Among individual muscle groups, the adductors showed the strongest association with UPF intake, followed by the extensors, both of which reached statistical significance in abdominal-circumference-adjusted models. Representative MRI scans visually illustrate differences in MFI between participants with low and high proportions of UPF in their diets.
Sex did not significantly modify the relationship between UPF consumption and MFI in any muscle group, suggesting the association holds equally for both men and women.
Sensitivity analyses adjusting for total dietary fat yielded consistent results, reinforcing the primary findings across muscle groups. When stratified by radiographic knee osteoarthritis status, the UPF-MFI association was stronger in knees with doubtful early radiographic changes (KL grade 1) than in those with no radiographic involvement, although this finding was based on sensitivity analyses and should be interpreted cautiously.
Conclusions
The current study suggests that higher UPF consumption is associated with poorer muscle quality, evidenced by greater intramuscular fat infiltration on thigh MRI, independent of sex, among individuals at risk for knee osteoarthritis.

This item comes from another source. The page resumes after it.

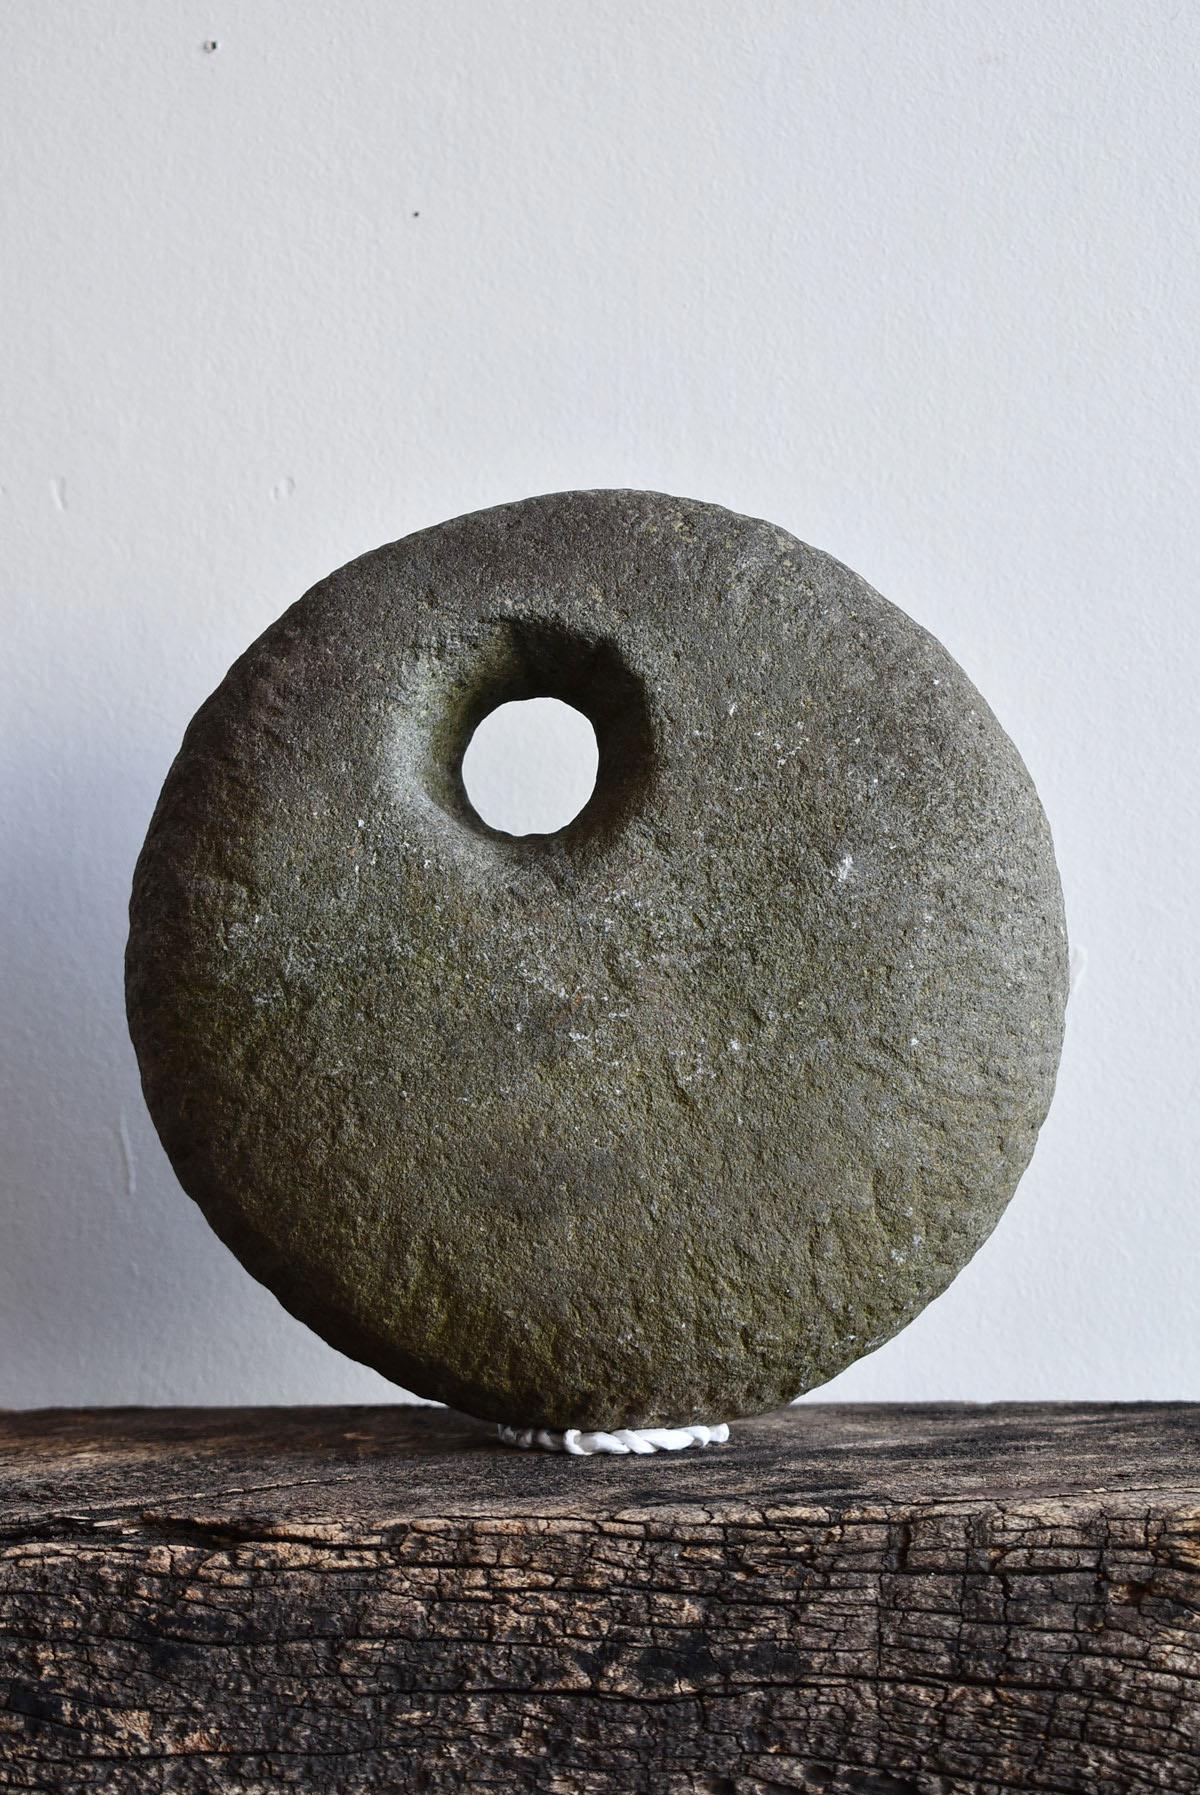 Japanese Antique Disc Stone with Holes / Appreciation Stone / Scholar's Stone 1

Because this was a cross-sectional analysis relying on self-reported dietary data and semiquantitative imaging, the findings do not establish causality and should be considered hypothesis-generating. Additionally, the study population consisted primarily of older adults at risk for KOA, which may limit generalizability to younger or healthier populations.
The potential role of diet quality in preserving muscle health warrants further investigation, with UPF reduction representing a promising modifiable target in this population.